In this series of articles, I present some Python features that cause the execution time to be extended and some popular workarounds to make your code run faster.
In the first part, I explain why Python is slower than low-level languages such as C or C++ and other high-level languages like Java or C#. Let’s dive into the Python compilation and execution process details to understand that. It is important to remember that such processes can differ for the Python language depending on its implementation. Being ‘interpreted’ or ‘compiled’ isn’t a language characteristic at all: it’s about the language implementation. In various Python implementations, the same chunk of code can be executed differently. This article focuses on the program execution based on the most popular Python implementation in the C language – CPython.
Python is dynamic by design.
In Python, the interpreter implicitly compiles a source code into the bytecode when you run a .py file. This differs from C or Java languages, where you must first run the compiler to compile the code explicitly (and this difference is why people commonly call Python an interpreted language). The Python bytecode consists of much simpler instructions executed one after the other by the Python Virtual Machine (PVM) software, not the CPU itself. The virtual machine can execute bytecode on any platform that allows PVM to run – translate the bytecode into machine code executed directly by a specific CPU.
Why is Python bytecode execution slow? Python is a general-purpose, high-level, and DYNAMIC language by design. Dynamic means that you can change almost everything during runtime. You can declare an x variable and assign an int to it, and later on, you can override that value with a string. Or it is possible to replace the methods on objects at runtime. Consequently, Python Virtual Machine cannot introduce many optimizations to the bytecode execution as the language is dynamic, and it needs to check types correctness at all times (this involves testing whether an object has the demanded attribute defined) and allocate the memory accordingly.
Such features make optimization extremely challenging compared to statically-typed languages like Java or C#. For these languages, the types of variables stay intact, and all types can be checked at compilation time (only once), not runtime (every execution). As a result, further optimizations are possible because their nature is more static, and more information can be assumed.
Python has the Global Interpreter Lock (GIL)

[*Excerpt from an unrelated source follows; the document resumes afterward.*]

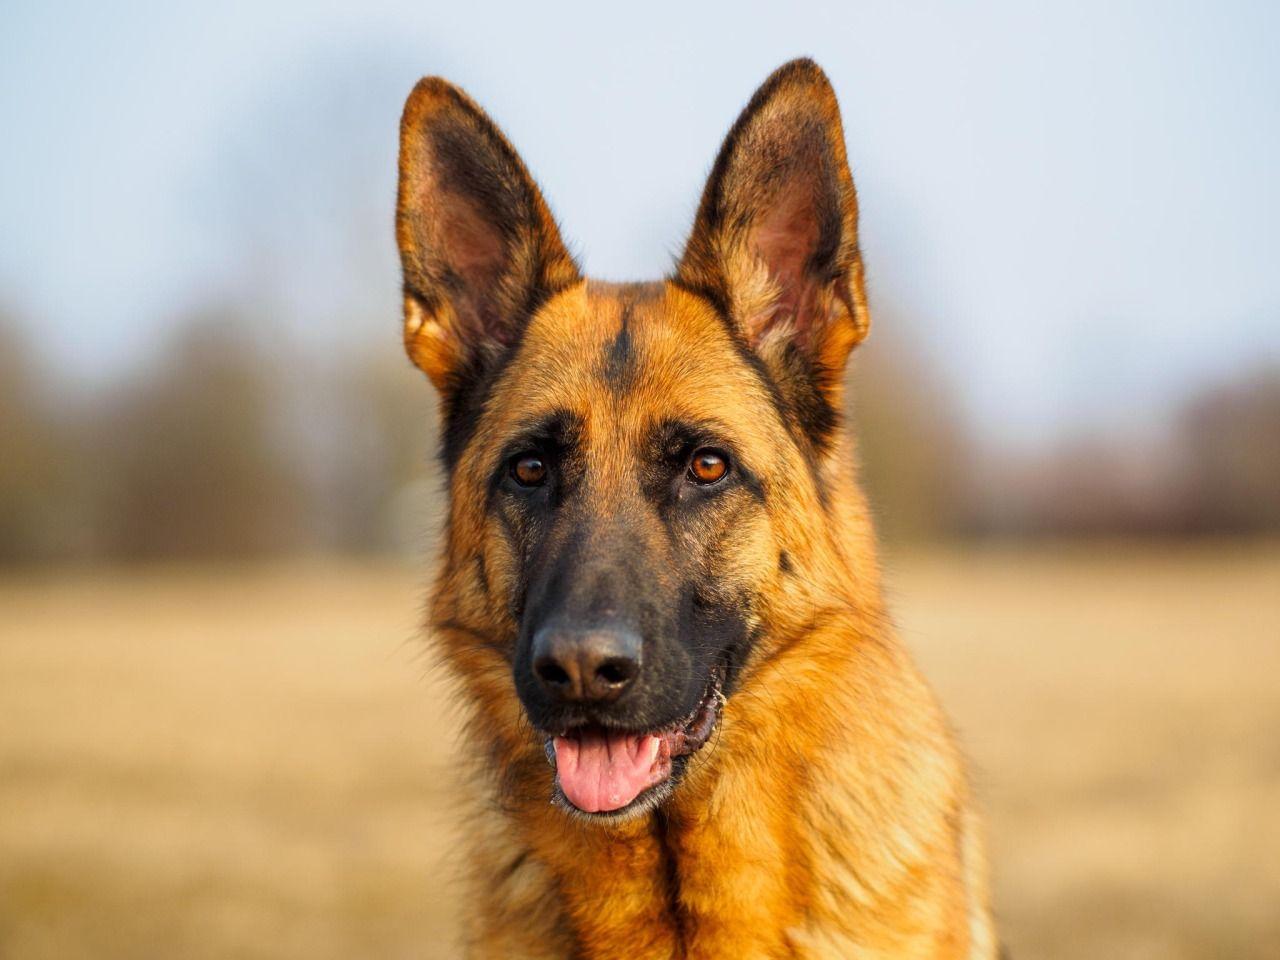 handsomedogs - laughing dog / / Alexander Kunze

In CPython, each CPU core has a separate GIL instance preventing from running more than one thread simultaneously. It means that multithreading becomes useless in certain situations for Python programs.
It is crucial to understand that modern CPUs usually have more than one core – a physical component of your processor., e.g., four cores. In this case, there will be four GILs running separately with distinct interpreters. Nevertheless, within one core, the GIL causes the execution of precisely one thread, which can be a bottleneck in many situations. All threads ‘running’ on the same interpreter need to wait for the actual running thread to dispose of the GIL.
Why has such a concept been introduced to Python? The answer is memory safety. Each object created in Python has a reference counter, the number of variables that point to this exact place in memory. As this count reaches zero, the memory occupied by the object is released.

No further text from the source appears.